C’est ce qui donne le vertige, même si on se dit qu’une mort, c’est une mort de trop. Bien sûr. Mais la mort d’un enfant, c’est toujours la couche d’horreur de plus, la couche d’horreur de trop, quand le destin frappe.

Elle avait 7 ans.

Ça avait donc couru toute la journée : la fillette happée par un automobiliste au coin Parthenais et de Rouen, mardi matin, avait 7 ans.

Le cœur se serre, tu penses aux enfants que tu connais. J’ai pensé au mien : il avait 7 ans quand j’ai commencé à le laisser aller au parc seul, comme un grand. Il n’avait qu’une intersection à traverser.

On ne sait rien des circonstances de l’accident. On sait juste que la petite s’en allait vers l’école. Que des passants ont alerté le CLSC Parthenais, situé à la même intersection. Que trois infirmières et un médecin ont accouru, qu’ils ont entrepris les manœuvres de réanimation.

On sait aussi que la petite était avec sa sœur et son frère.

Toute la journée, comme tout le monde, j’ai gardé un œil sur cette nouvelle, espérant lire les mots magiques dans une déclaration de la police, du genre l’enfant est hors de danger. Secrètement, j’ai même fait une prière, pis je ne crois même pas en Dieu, allez savoir.

Dans l’après-midi, Érick Ouellet m’a écrit. Érick m’écrit souvent, que ce soit pour commenter cette chronique ou le show de radio. Il habite le quartier Ville-Marie. Au printemps, Érick a écrit à la police, au PDQ 22 plus précisément, pour lui dire que ça roule vite dans le coin. Pour lui dire qu’il avait vu en 2021 une piétonne se faire happer par un automobiliste… sur de Rouen, justement.

Je cite son courriel à la police : « Avec le nombre d’enfants qui transitent et les parents, c’est un miracle que personne n’ait été tué. »

Eh bien, le miracle a pris fin mardi, vers 8 h. Quelqu’un a été tué, et ce « quelqu’un » est une fillette de 7 ans. On l’a appris un peu avant 18 h. Et j’ai échappé un gros mot d’église qui commence par « c » et qui rime avec « lisse ».

Bien sûr, les accidents, ça arrive. Mais juste dire ça, c’est avoir accepté que l’aménagement de nos rues, de nos quartiers et de nos villes n’est pas optimal.

Un citoyen, Philippe Bouchard, a témoigné à La Presse avoir demandé à la Ville d’installer des saillies de trottoir à l’intersection Parthenais-de Rouen, sans succès.
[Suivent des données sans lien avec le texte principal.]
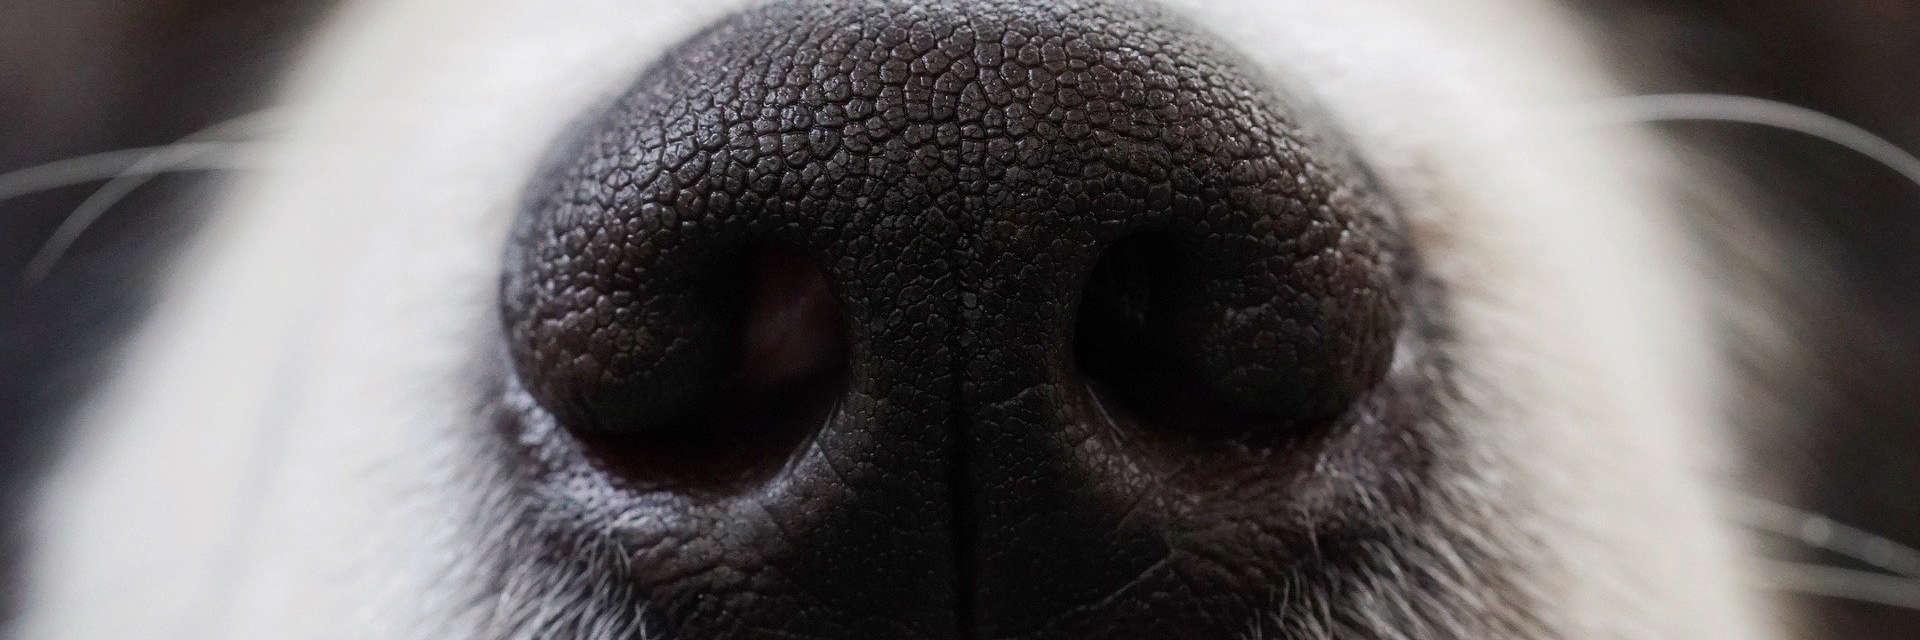 Platzhalter Spürhund

Saillies de quoi ? Saillies de trottoir : on élargit le trottoir aux intersections, en formant un entonnoir. C’est chiant pour l’automobiliste pressé, mais c’est une sorte de sauve-piéton, car ça limite les dépassements aux intersections : plus la voie est étroite, plus les automobilistes ont tendance à ralentir.

Et juste la semaine passée, Piétons Québec a fait une sortie publique pour souligner quoi ? Pour souligner une hausse inquiétante des décès de piétons dans les dernières semaines. Pour marteler le message de l’importance de l’aménagement des routes, des quartiers, des villes…

Érick Ouellet m’a dit ce que Philippe Bouchard a dit à La Presse : la fermeture d’une partie du tunnel Louis-Hippolyte-La Fontaine a créé beaucoup de circulation supplémentaire dans le quartier, à cause du pont Jacques-Cartier, tout près. Avant même l’accident de mardi, on craignait dans ce secteur de Ville-Marie les automobilistes de la Rive-Sud pressés qui veulent prendre des raccourcis dans le quartier.

Je vous dis ça et l’homme de 40 ans qui s’est livré à la police, quelques heures après le drame, il réside où ? Sur la Rive-Sud.

Hasard ?

On verra.

Toute la journée, comme tout le monde, j’ai donc gardé un œil sur cette nouvelle en espérant lire que la petite était hors de danger. À 18 h, on a su qu’elle était morte.

Puis, en soirée, comme si ce n’était pas suffisant, une petite neige d’ignominie supplémentaire s’est posée sur ce fait divers déjà assez horrible, merci : la fillette était une réfugiée ukrainienne.

Imaginez… Vous fuyez l’Ukraine mise à feu et à sang par la Russie, vous cherchez un pays sûr où mettre votre famille à l’abri. Vous mettez le doigt sur la mappemonde : on va au Canada, chéri ?

Go, on va au Canada, on va au Québec.

Tu débarques à Montréal, tu te refais une vie. Tu te dis : on va être bien ici, les petits sont en sécurité, ils ne seront pas massacrés par un des soldats de Poutine…

Pis ta fille se fait tuer coin Parthenais-de Rouen par un chauffard.

Putain que c’est absurde, la vie.

Je savais bien que prier, ça ne donne rien.